For the Table and the Soul
By: Gary Paul Nabhan
Home cooks and chefs of the Southwest have never lacked for delicious fruit, given the fact that native prickly pears, wild plums, elderberries, wolfberries, blackberries, hackberries, and persimmons grow along streams and in canyons from Texas to California. But a turning point occurred in southwestern agricultural and culinary history roughly 400 years ago, after the first Spanish-introduced fruit took root on American soil in the watersheds of the Rio Grande and the Rio Colorado.
Suddenly, large, edible, or fermentable fruits were available to be grown in this semiarid region, and whether dried, jammed, pickled, or fermented then distilled, they began to offer fruity fragrances and flavors to farming communities year-round.
Missionaries, miners, and Mediterranean fruits
Perhaps no other introductions were as rapidly adopted and distributed across the Southwest as were the Mediterranean fruits carried along by missionaries and miners. Arguably, the impact of these Spanish-speaking immigrants on America’s horticultural legacy dwarf those of Thomas Jefferson and Johnny Appleseed.
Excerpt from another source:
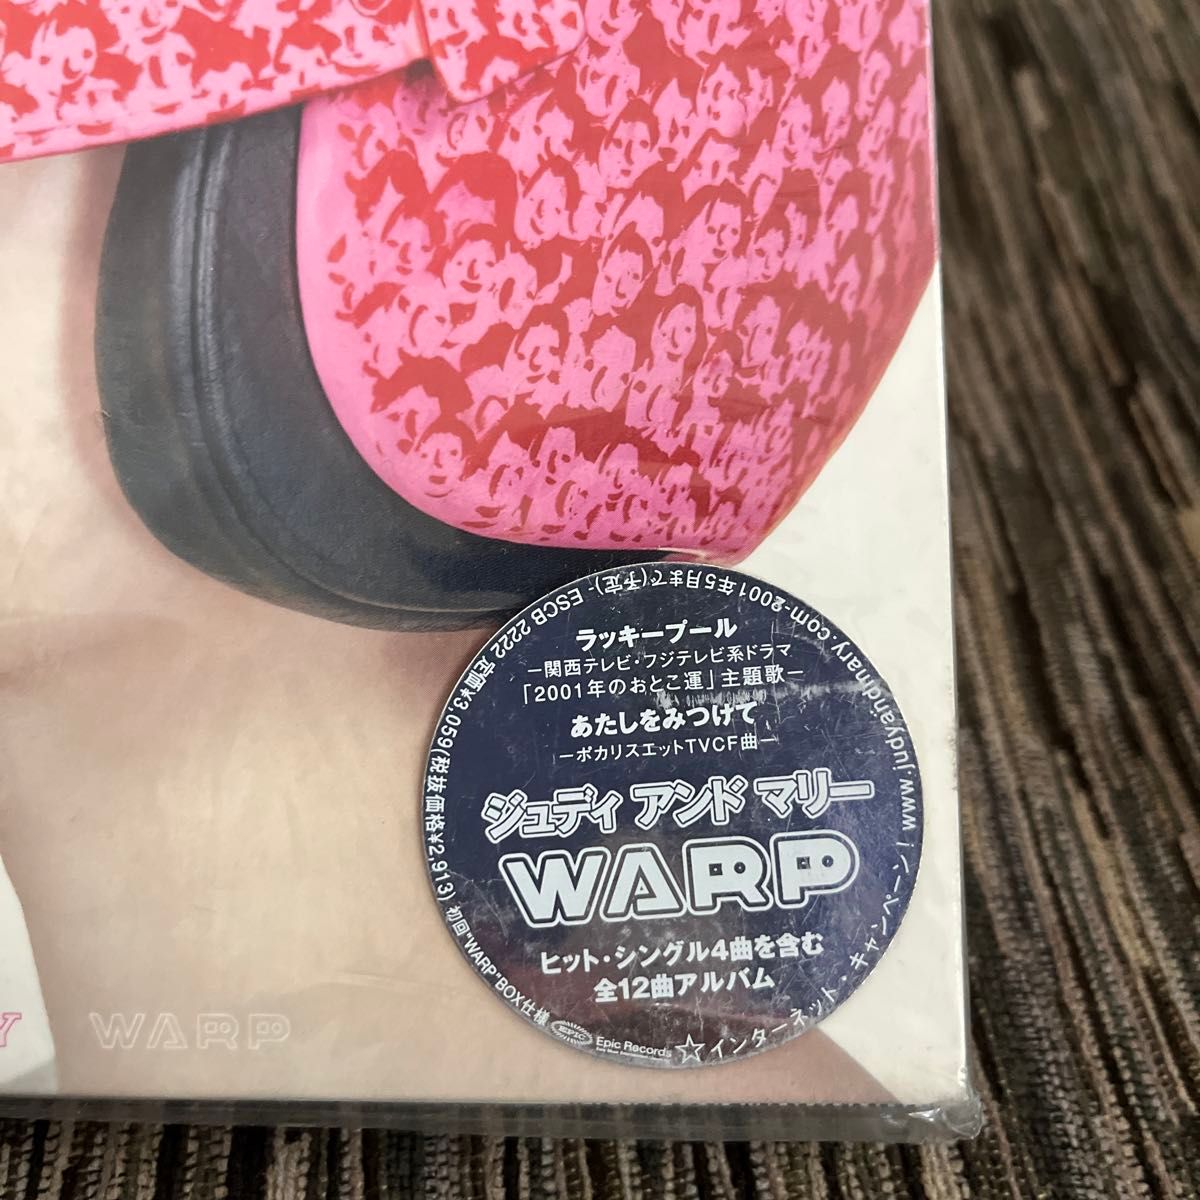 【紙パッケージ】JUDY AND MARY WARP ワープ CD アルバム

And yet, few American horticultural historians have bothered to pay as much attention to the northward cultural diffusion of fruits and nuts from Spain and the Canary Islands to Mexico as they have to the westward diffusion from Williamsburg, Plymouth Rock, and New Amsterdam. Nevertheless, prior to the arrival of the Spanish themselves, as far north as the Gila River near present-day Phoenix, watermelon fruit and their seeds had been traded up from Spanish colonies in Mesoamerica.